Female scribes may be at a disadvantage when it comes to good assignments and pay, but they enjoy certain benefits vis-à-vis male egomaniacs.
Both male and female reporters carry basic tools in their bag of tricks, including the ability to flatter, cajole, wheedle and bully a subject into answering questions.
But the most effective tool of the female journalist is often her ability to disarm. There’s that delicate, shell-like ear, tuned to him alone. Women are used to kvetching about this and that to their girlfriends. But Great Men have no one to confide in besides their spouses, and when a female reporter turns up with a recorder, while he may have the self-control not to reveal company secrets, the novelty of being listened to by a new woman is often an intoxicant.
If power is an aphrodisiac, the power reflected back to the Great Man through the dictation-taking pen of the female journalist is de facto doubly arousing. A wise Lois Lane knows that with certain subjects, the well-turned stiletto can add a frisson that brings forth the most provocative quotes.
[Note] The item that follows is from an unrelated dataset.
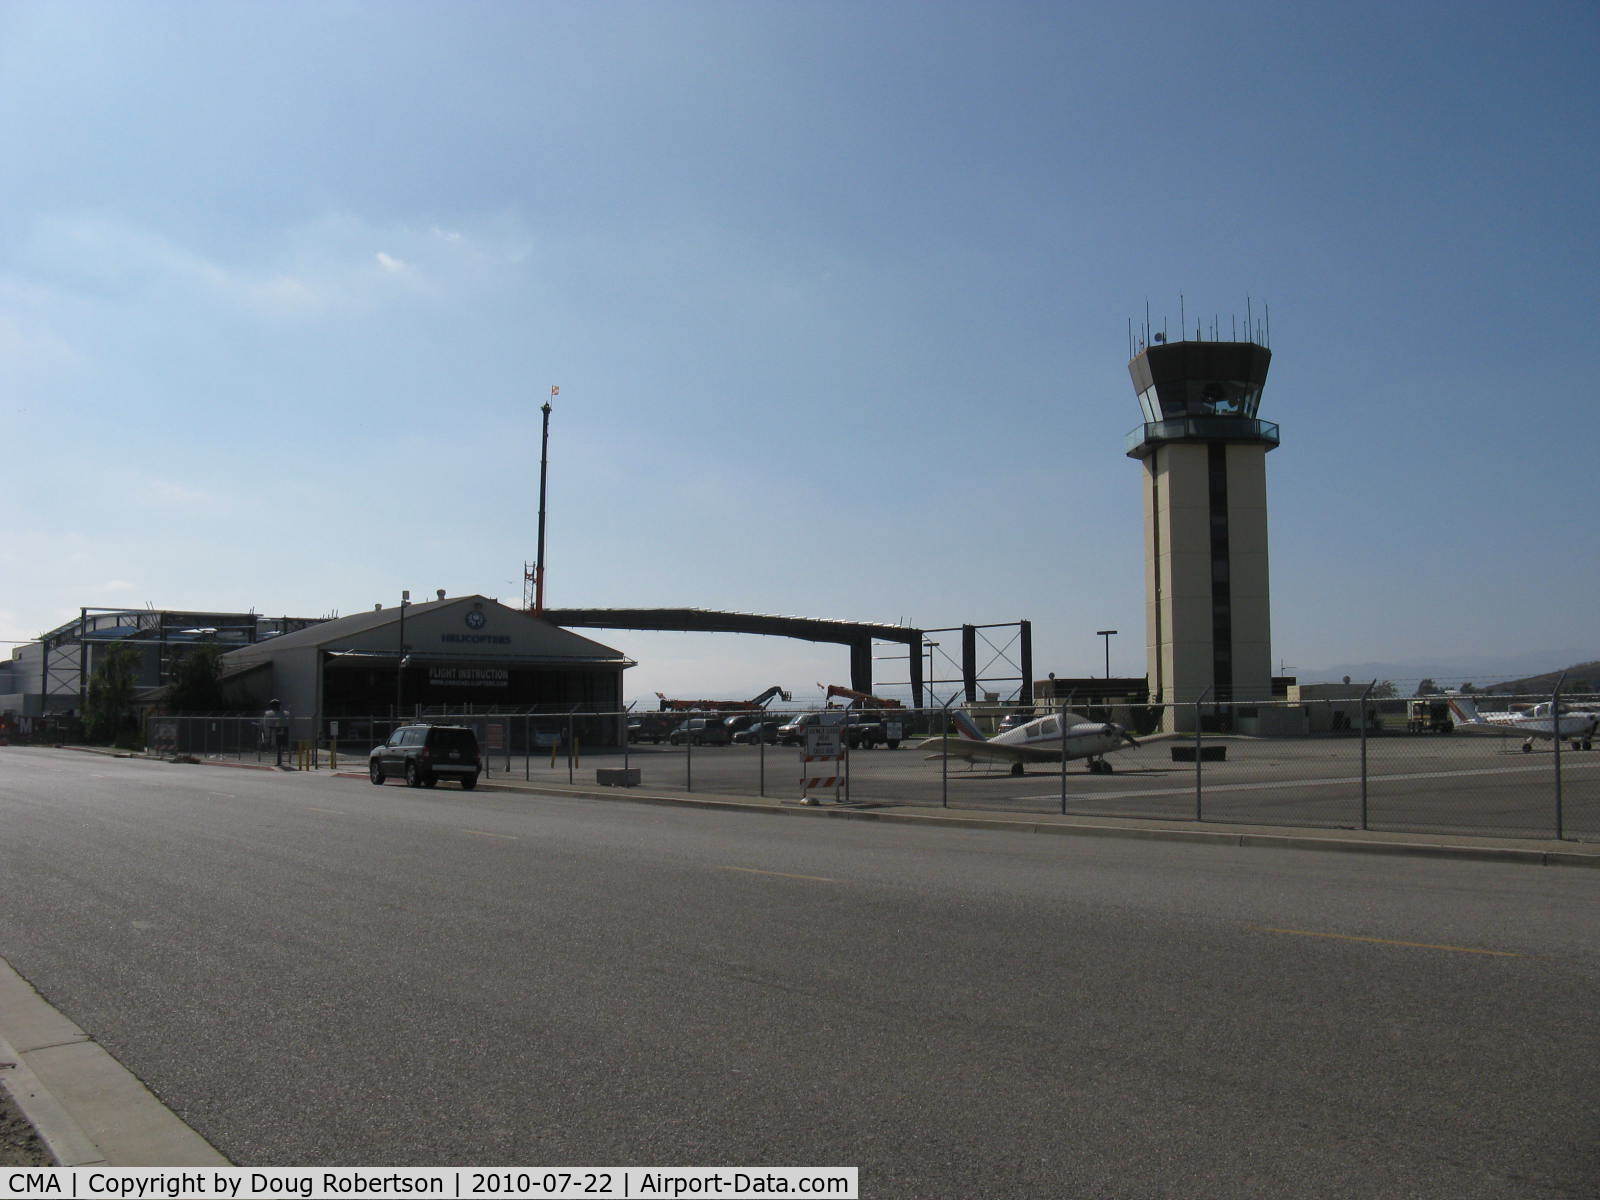 Camarillo Airport (CMA) - Two new large hangars under construction near the Air Traffic Control Tower will add 45,000 square feet of space to SUN AIR JETS.

The same cannot be said for male journalists covering women, because most American women leaders take an oath of asexuality in order to survive.
Most of the time, though, Great Men aren’t all that interested in actually bedding grubby ink-stained wretches. It takes a particularly bold, adventurous and hot Brenda Starr to throw the subject of an interview under the desk for a shag—an act the general alluded to in emails to Broadwell.
Overachieving soldier-scholar Broadwell isn’t even a career journalist. She doesn’t hail from the same mousy and supposedly objective ranks as the rest of us, but that’s only because she could actually do it all. She grew up in North Dakota, was high school valedictorian, student council president, homecoming queen and an all-state basketball player, graduated from the U.S. Military Academy at West Point with multiple honors, and has held positions in the U.S. intelligence community, U.S. Special Operations Command and FBI Joint Terrorism Task Forces.
A buxom G.I. Jane, done up for recent television appearances in ruffled and silky sleeveless dresses, Ms. Broadwell apparently went way off the rez with anonymous emails to a third woman, Jill Kelley of Florida, who has insisted she is merely a friend, and not another Petraeus paramour.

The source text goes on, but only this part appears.